Quelle est la suite de la recherche en cannabinoïdes et cancer ?

L’étude Pharmaceuticals marque une transition importante. Jusqu’à présent, l’oncologie des cannabinoïdes était un domaine fortement fragmenté avec de nombreuses études individuelles difficiles à comparer. Une méta-analyse systématique avec des tailles d’effet quantitatives permet aux groupes de recherche de traduire de manière ciblée dans les essais cliniques les modèles dans lesquels les signaux précliniques sont les plus robustes. Le glioblastome et le cancer du sein seront particulièrement au centre de ce processus, car les effets y ont été les plus reproductibles de manière constante.
Pour le paysage de la recherche allemande et européenne, une tâche concrète en découle. Les cliniques universitaires avec soins oncologiques spécialisés peuvent formuler des demandes de financement de manière plus précise sur la base des données du groupe hongrois. Les fabricants pharmaceutiques de préparations standardisées de cannabinoïdes ont un argument pour investir dans des programmes cliniques. Et les organisations de patients peuvent, sur la base des données, fournir une information plus ciblée, sans glisser vers des attentes irréalistes.
Questions fréquemment posées
Le CBD et le THC agissent-ils contre le cancer ?
Dans les modèles précliniques, les effets anti-tumoraux peuvent être démontrés de manière constante, notamment pour le CBD dans le glioblastome et le cancer du sein. Pour une recommandation clinique aux patientes et patients, la base de données n’est pas encore suffisante. La recherche est en transition vers les essais cliniques contrôlés.
Quels types de cancer réagissent le plus fortement dans l’étude ?
La plus grande force d’effet a été observée dans les modèles de glioblastome, suivie du cancer du sein. Le cancer du poumon et le cancer de la prostate ont fourni des données complémentaires, mais plus hétérogènes. L’hétérogénéité reflète les différences biologiques entre les lignées tumorales.

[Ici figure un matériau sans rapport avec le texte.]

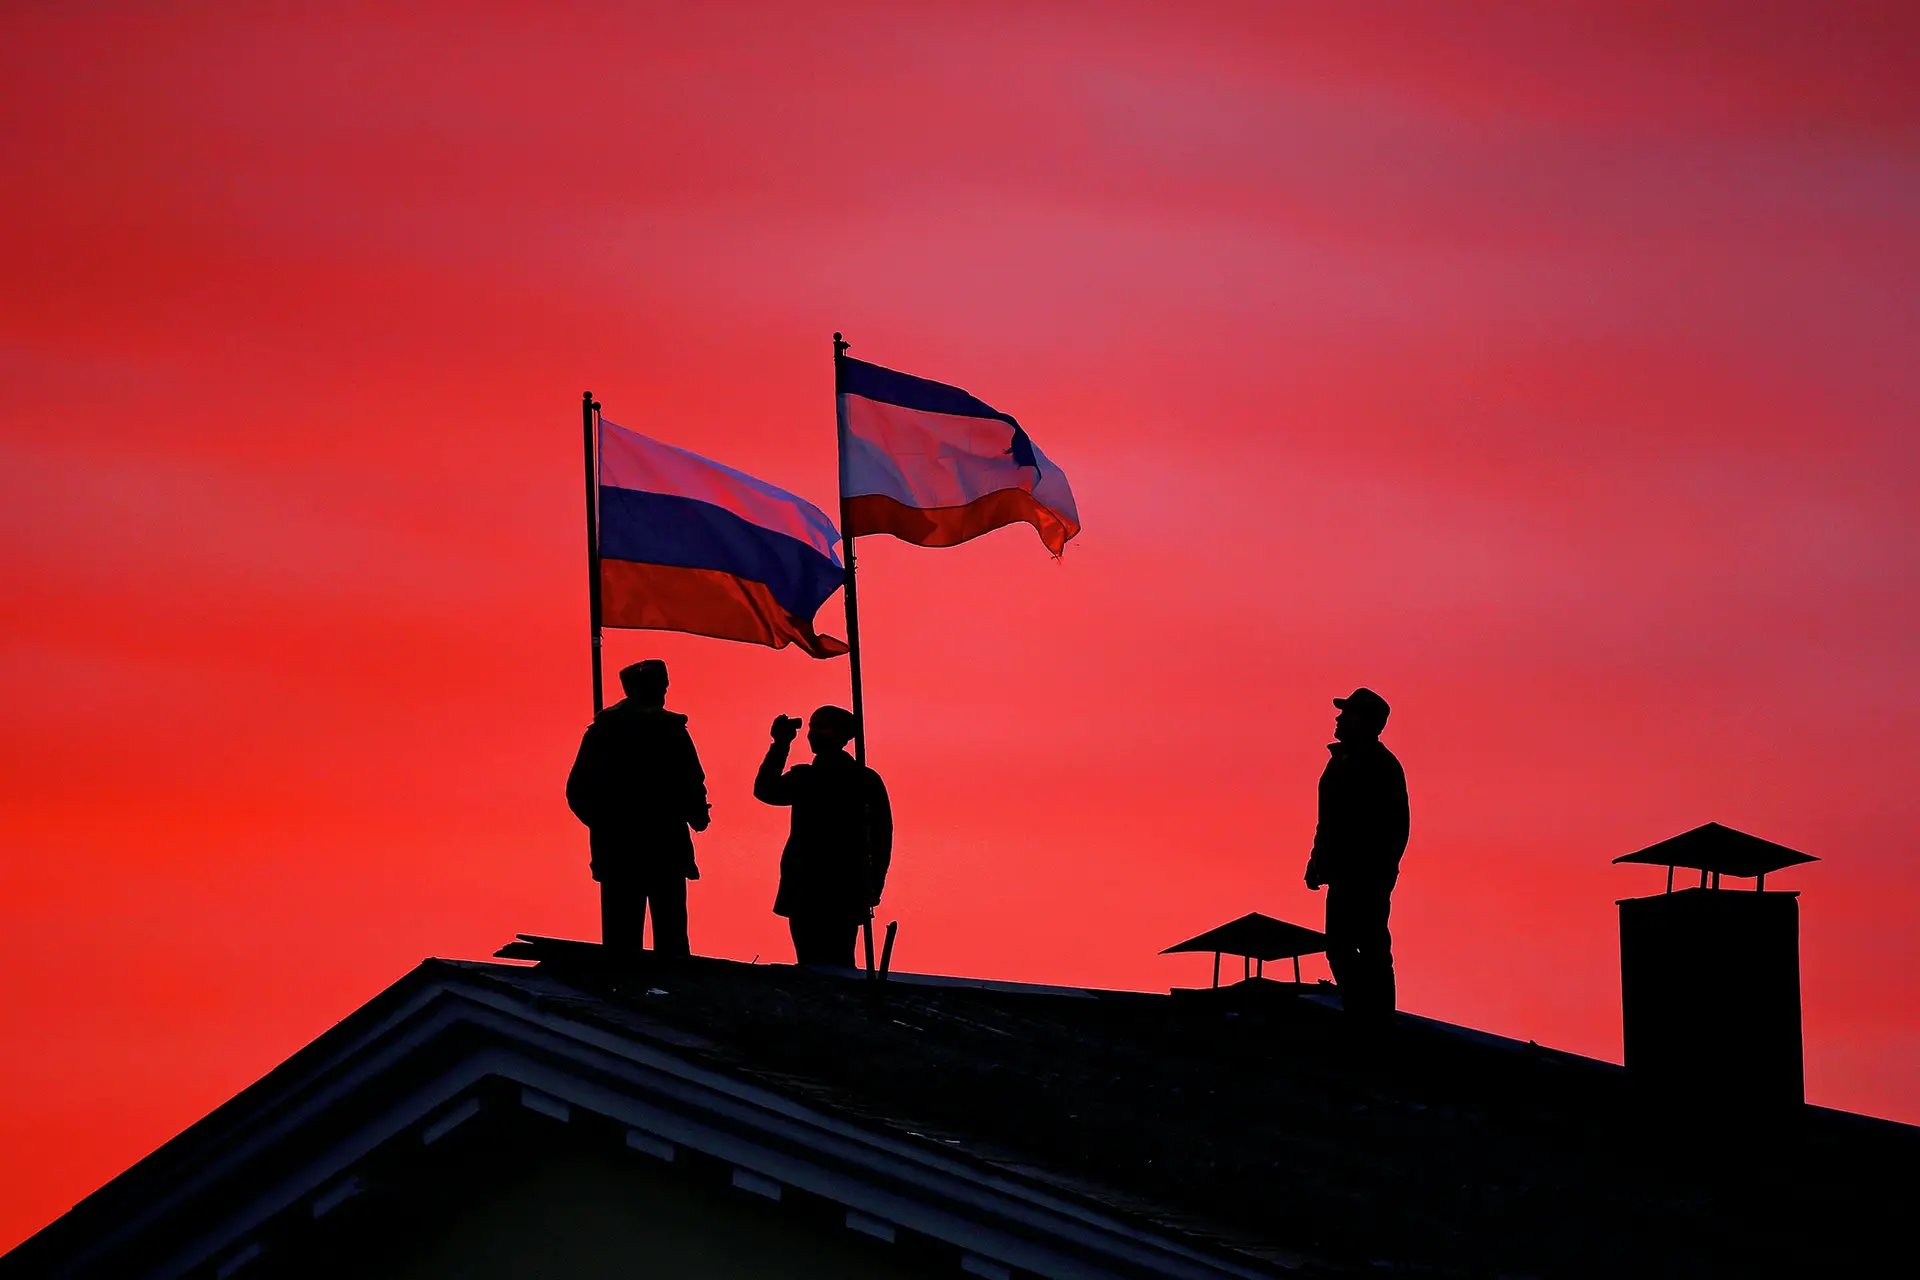 Conquista Cossacos a hastear as bandeiras da Rússia e da Crimeia num edifício governamental em Bakhchysarai, na Ucrânia, a 17 de março de 2014, após um referendo comprovadamente fraudulento ter ditado a anexação da Crimeia à Federação Russa, com 97% de votos a favor

Pourquoi le CBD performe-t-il mieux que le THC ?
Selon l’évaluation de la méta-analyse, le CBD montre le profil d’efficacité le plus large et le plus constant. Le THC agit aussi en principe de manière anti-tumorale, mais il est plus fortement dépendant de la dose et du contexte. Pour les essais cliniques, le CBD est donc le principe actif de démarrage plus pragmatique.
La thérapie par cannabinoïdes peut-elle remplacer la chimiothérapie ?
Non. L’état des connaissances scientifiques soutient un rôle adjuvant, c’est-à-dire un complément aux thérapies standard établies. Les cannabinoïdes pourraient renforcer l’effet des chimiothérapeutiques comme la doxorubicine, mais ne les remplacent pas.
Quels sont les risques d’une thérapie d’accompagnement aux cannabinoïdes ?
Les interactions avec la chimiothérapie sont possibles, car les cannabinoïdes peuvent affecter le métabolisme hépatique. Une thérapie d’accompagnement aux cannabinoïdes doit donc être coordonnée exclusivement avec la médecin ou le médecin traitant, idéalement dans un centre ayant une expérience en médecine du cannabis.
Wie informiert fühlst du dich über Cannabinoide in der Krebstherapie?
Source : Pharmaceuticals (MDPI), méta-analyse systématique d’études précliniques sur les cannabinoïdes en oncologie, groupes de recherche de l’Université Semmelweis Budapest et Université de Pécs, mai 2026.